### Data provided
● ● ● ●

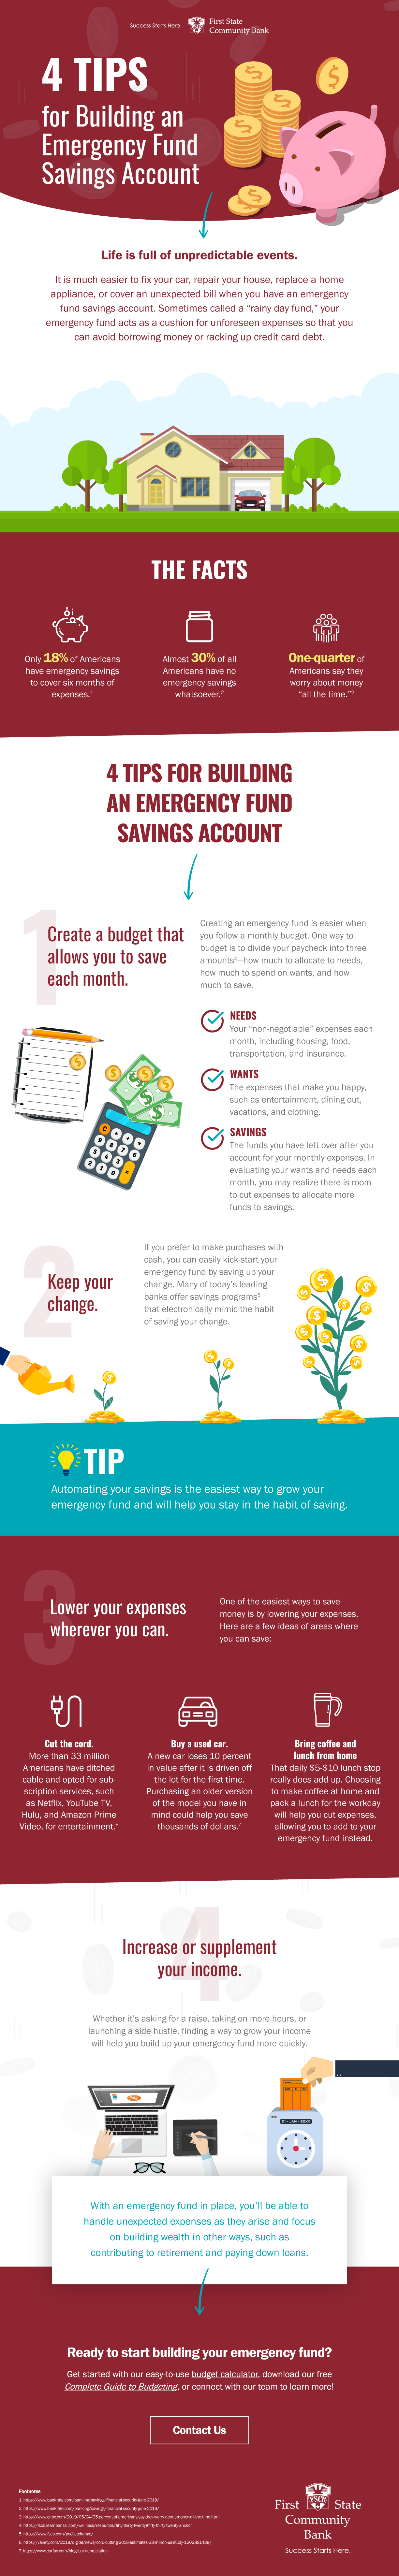 FSCB Infographic - 4 Tips for Building an Emergency Fund Savings Account
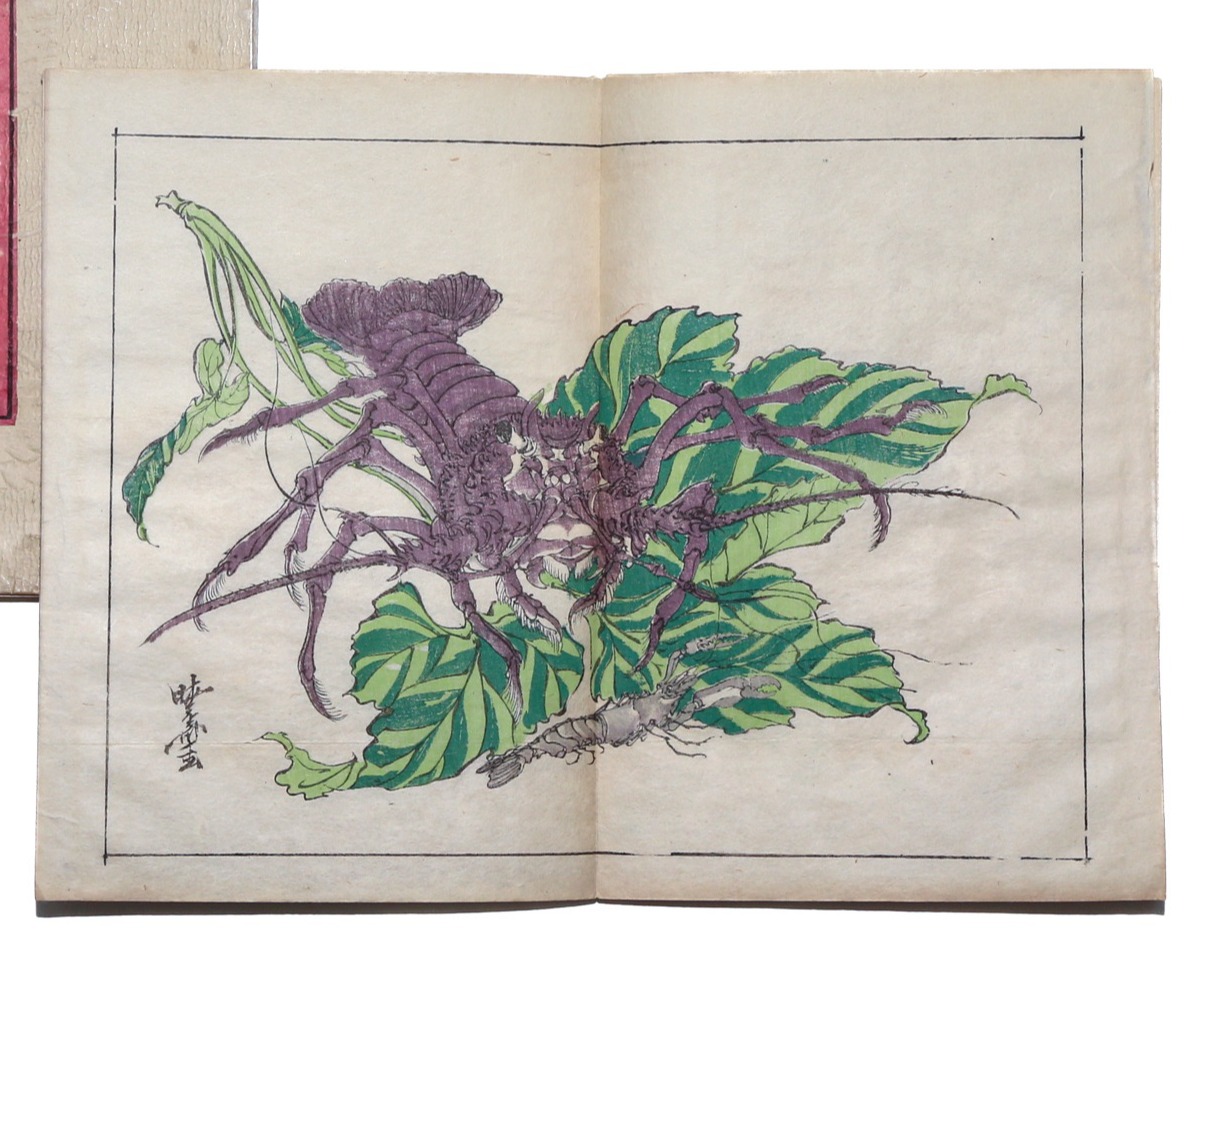 Discover the Rich Culture of Japanese Books at Alex Cooper Auctioneers | May 6 Auction
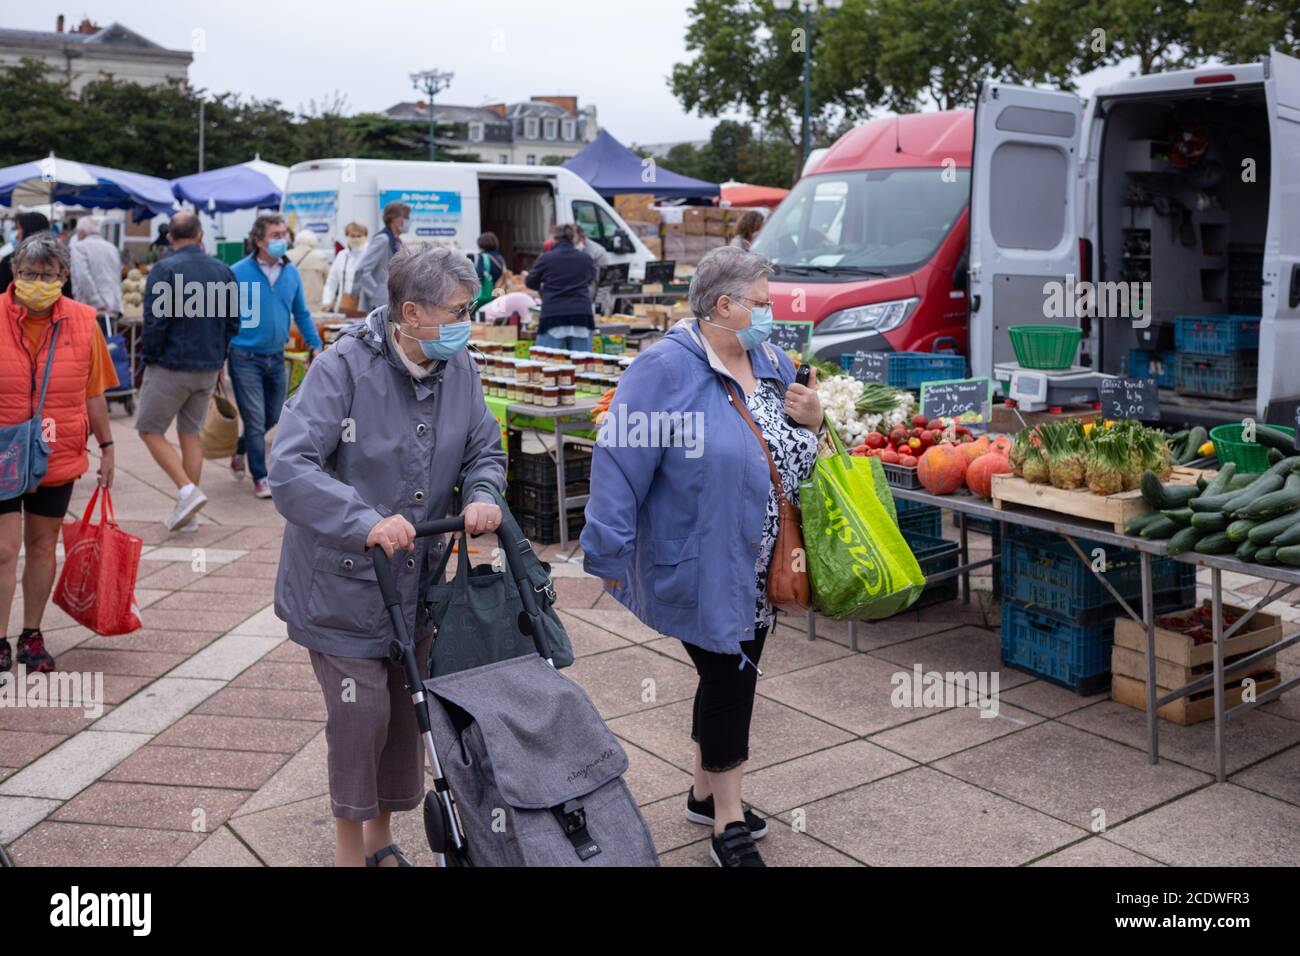 Angers, France - August 29 2020: people wearing face protective mask while shopping in the market place at France to prevent coronavirus, concept of wearing masks outdoor is mandatory in Europe, aged people Stock Photo

● ● ● ●

With the pictures left out, give again exactly the lines from the one with "Discover the Rich" through the end of the data, both included.

### Solution for this task
 Discover the Rich Culture of Japanese Books at Alex Cooper Auctioneers | May 6 Auction
 Angers, France - August 29 2020: people wearing face protective mask while shopping in the market place at France to prevent coronavirus, concept of wearing masks outdoor is mandatory in Europe, aged people Stock Photo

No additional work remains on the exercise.